# How to restore old windows to former glory



## chokie91 (May 12, 2011)

Hello everyone, 

I have a 1986 VW Cabriolet. I'm in the middle of restoring the exterior right now and the windows are dirty from old age. I have tried clay bar and other car window cleaners to no avail. I was thinking about CLR ing the windows to see if that gets it off. Anyone face a similar problem in their restoration jobs?


----------



## President Lincoln (Jun 27, 2005)

Possibly try polishing with cerium oxide. 

http://search.eastwood.com/search?p...e&view=grid&w=Windshield Scratch Remover&rk=1


----------



## Ed52 (May 21, 2001)

If it's just a buildup of film and not scratches you might try Brasso or Silvo. They have very fine abrasives which will remove the film and leave glass smooth. Try in a corner first just to be sure the glass will not be scratched.


----------



## jrscpu2004 (Sep 2, 2012)

*Weathering of Glass*

I had a 1996 Trek that I use to take a 43 mile ride on the Long Island Expressway, back and forth. What was worse, at that time there was a lot of Road Construction and the those huge 18 wheelers 
carrying loads of sand. The damn trucks would ride the middle lane and speed at about 70 MPH. Every little bump in the road, and their tailgates would spread their joy to whatever poor soul was behind these windsheild destroyer's. 
Anyway, my windshield was so weather beaten(that's what the insurance company would call it),that if I drove into a sunset, my front windsheild would blot out from all the chips in it. 
Mercifully, a stone finally cracked it and I had FULL GLASS policy. I took it to a qualified Glass 
Repair center and I told him how bad this window was. He replied, that I could had it replace years ago if I brougt it in and had it inspected.
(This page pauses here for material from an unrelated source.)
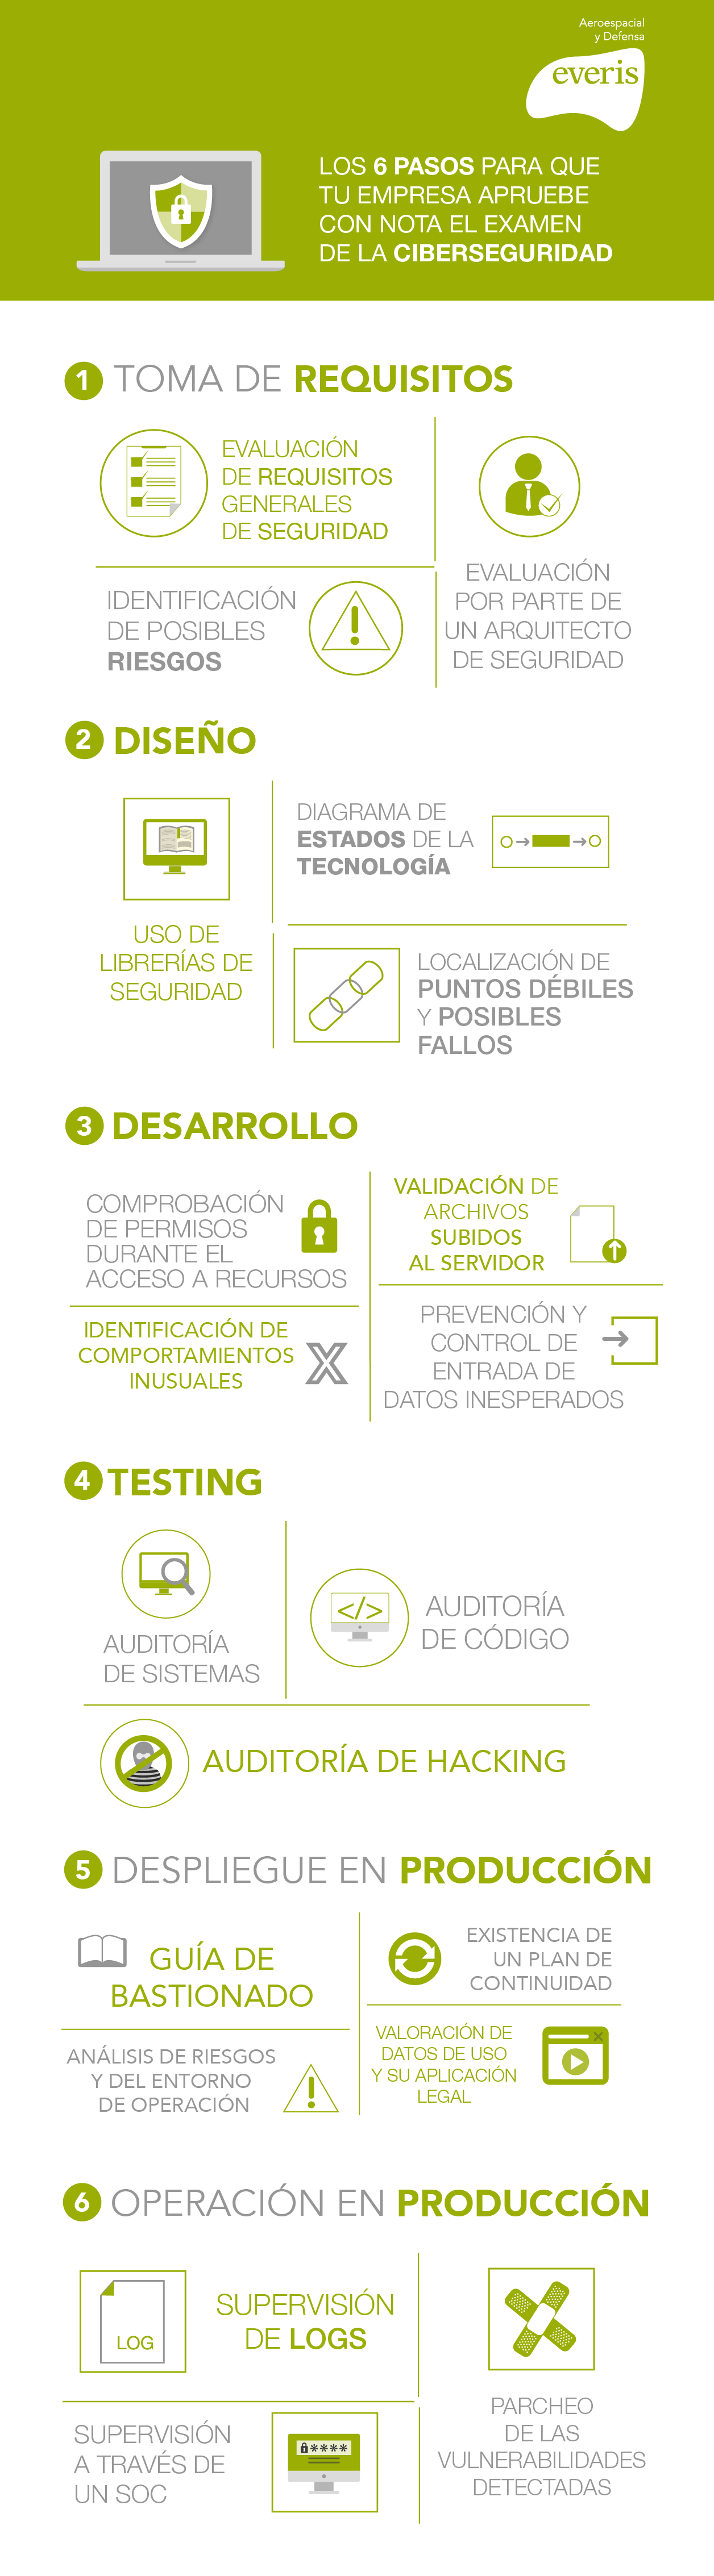 6 pasos para aprobar en Ciberseguridad #infografia #infographic

I would have been covered due to "weathering". 
Don't mess with trying to get it fixed, just replace it.(that's if you have full glass coverage).


----------



## chokie91 (May 12, 2011)

Thanks everyone


----------



## rabbitnothopper (Oct 19, 2009)

so basically

replace with new instead of trying to buff it out

mine is also "sand blasted" from 30 years of use and its difficult to see in the sunrise/set glare


----------



## chokie91 (May 12, 2011)

There may be help on the horizon. My dad says their is a south american product that will get it out. They use it at work(Chevy Dealer) to get crap off customers car windows. My buddy says too that spray on foamy window cleaner with a sharp straight flat blade will do it, just got to be careful about scratching the window.


----------



## wolf_walker (Dec 4, 2002)

Depends on what they are dirty with, or if it's "weathering" as the poster above said.

Dirt/Stain is cleanable, weathering isn't in any practical sense.

Assuming this is a front windscreen, replace the glass. Unless they have become rare and 
expensive in the last few years it's a trivial cost compared to the benefit. If you cover any kinda
road miles, a windscreen is a wear item. 

Also, cut it out at home and inspect the windscreen frame for rust before calling a glass guy.


----------